Итак, я скрывался на третьем этаже дома номер 11, где проживала моя семья в переулке Цзинъюнь, не показываясь на улицу в течение целых десяти месяцев. Конечно, мое «сокрытие» не было абсолютным — от живших по соседству Е Шэнтао [126] Е Шэнтао (1894—1988) — крупный литератор и общественный деятель Китая, сыгравший огромную роль в становлении и развитии современной литературы страны.
и Чжоу Цзяньжэня [127] Чжоу Цзяньжэнь — младший брат Лу Синя, впоследствии общественный деятель.
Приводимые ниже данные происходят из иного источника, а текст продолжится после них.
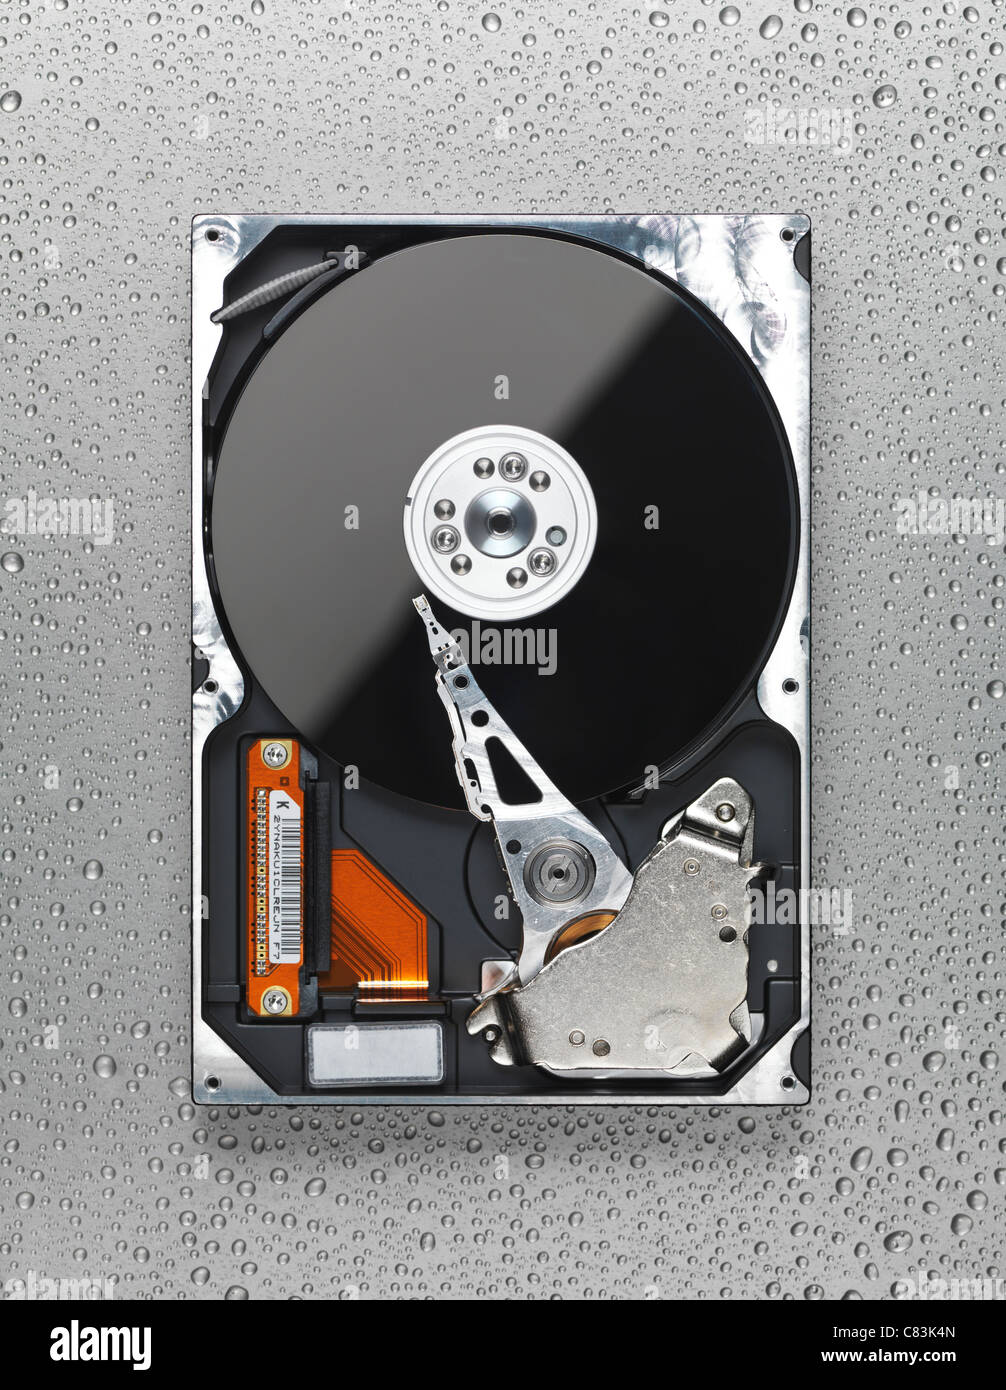 Aprire computer unità disco rigido HDD sul bagnato la superficie di metallo Immagini Stock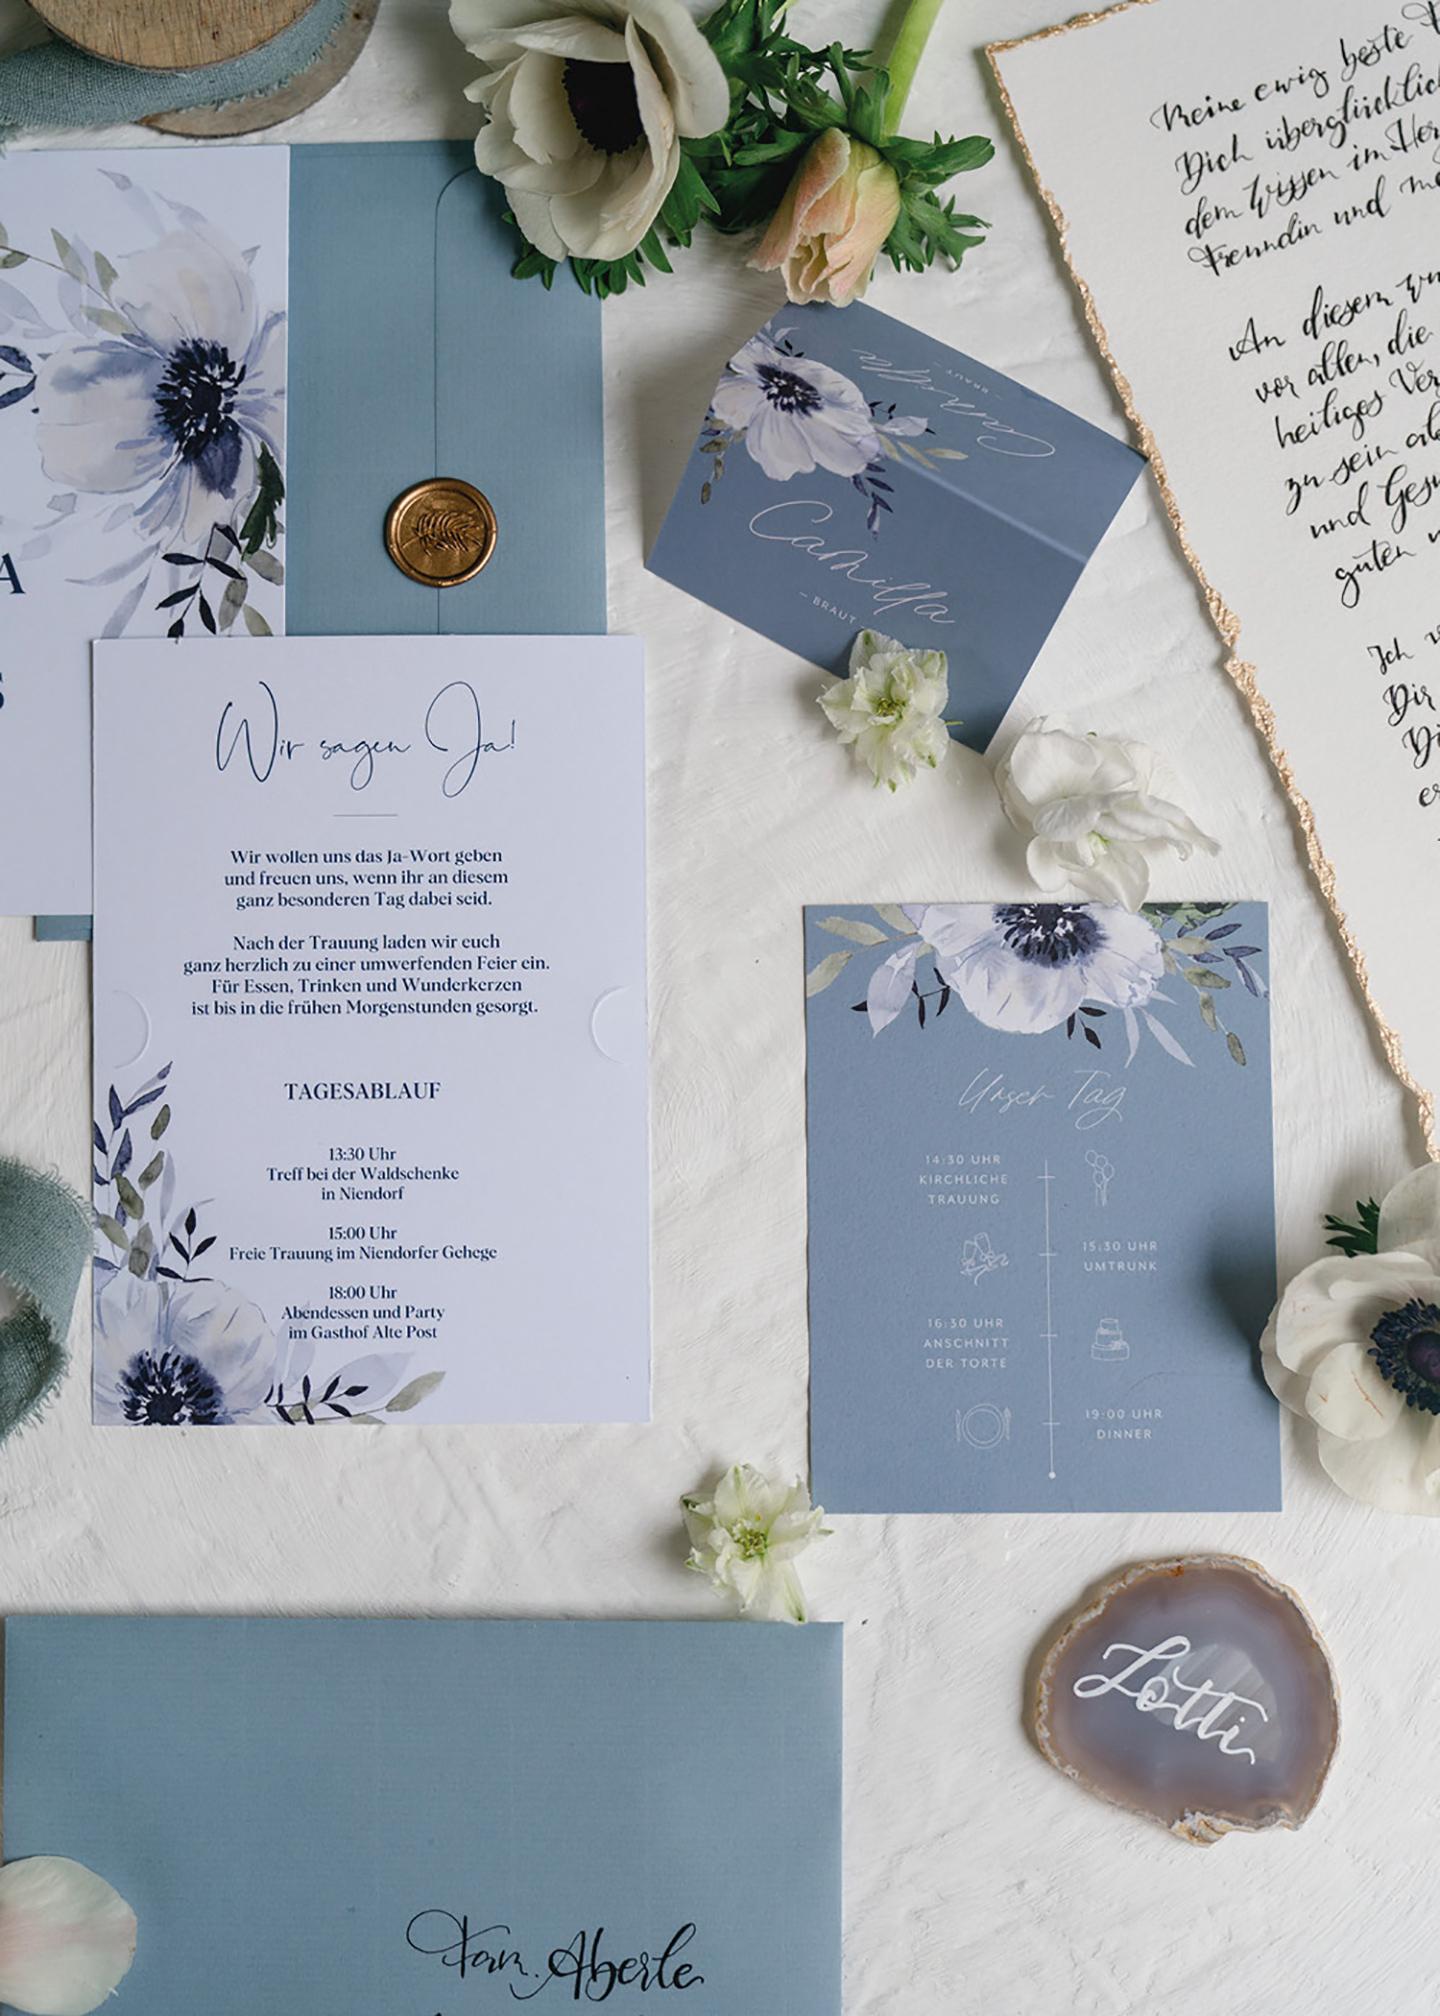 Die Hochzeitspapeterie des Paares wurde in hellblauen und weißen Tönen gestaltet. Auf der Papeterie findet sich eine detailtreu gezeichnete große Blüte in weiß und dunkelblau.

оно не представляло никакой тайны. Первый жил за стенкой, а второй — через квартиру. В октябре из Гуанчжоу в Шанхай приехал Лу Синь и тоже поселился в переулке Цзинъюнь. И от него я не утаил своего местонахождения. В этот период я очень сблизился с Е Шэнтао. Все, что я написал, в том числе и мои самые первые художественные произведения, именно с его помощью были опубликованы в журналах «Сяошо юэбао» («Ежемесячник прозы») и «Вэньсюэ чжоубао» («Литературный еженедельник»). Е Шэнтао исполнял обязанности редактора «Сяошо юэбао», а сам редактор Чжэн Чжэньдо [128] Чжэн Чжэньдо (1898—1958) — писатель, литературовед, археолог, общественный деятель.
был вынужден уехать в Англию, так как его тесть Гао Мэндань опасался, что люди Чан Кайши арестуют Чжэна за связи с коммунистами.
Когда я наконец покинул свое тайное убежище, то очень быстро столкнулся с практической трудностью — как обеспечить семью? Искать работу было невозможно, оставалось лишь вновь брать в руки кисть и этим зарабатывать на пропитание. Перипетии и события прошедшей половины года оставили глубокий след в моем сознании, я взял их в качестве сюжета и написал повесть «Разочарования», сидя в изголовье кровати жены (по возвращении домой из больницы ее еще слегка лихорадило). Позже в статье «От Гулина до Токио» появились такие строки:
«Я старался учить настоящей жизни, прошел сложный в судьбе человека этап большой смуты в Китае и в конце концов ощутил горечь разочарования, увидел противоречия человеческой жизни, оказался в подавленном настроении, погрузился в одиночество. Но, продолжая ощущать хватку жизни, я решил употребить остаток своих сил, чтобы озарить хотя бы слабым светом серость нашего беспокойного существования, и начал творить».
Эти слова полностью отражают мои настроения в то время.
Однако переулок Цзинъюнь совсем не был удобным местом для творчества. Время шло к лету, и жильцы внутреннего дворика после ужина наслаждались прохладой на улице, откуда доносились крики и смех, мешавшие серьезным занятиям. На улочке Дасин, отделенной от нашего дома лишь стенкой, по вечерам играли в карты: то вдруг раздастся громкий смех, то разгорится ссора, или внезапно донесутся резкие удары картами по столу, приводящие в замешательство любого человека. Этот гам затихал только поздней ночью. Что касается меня — я мог писать днем, а вот Лу Синь, привыкший работать ночью, немало от этого страдал.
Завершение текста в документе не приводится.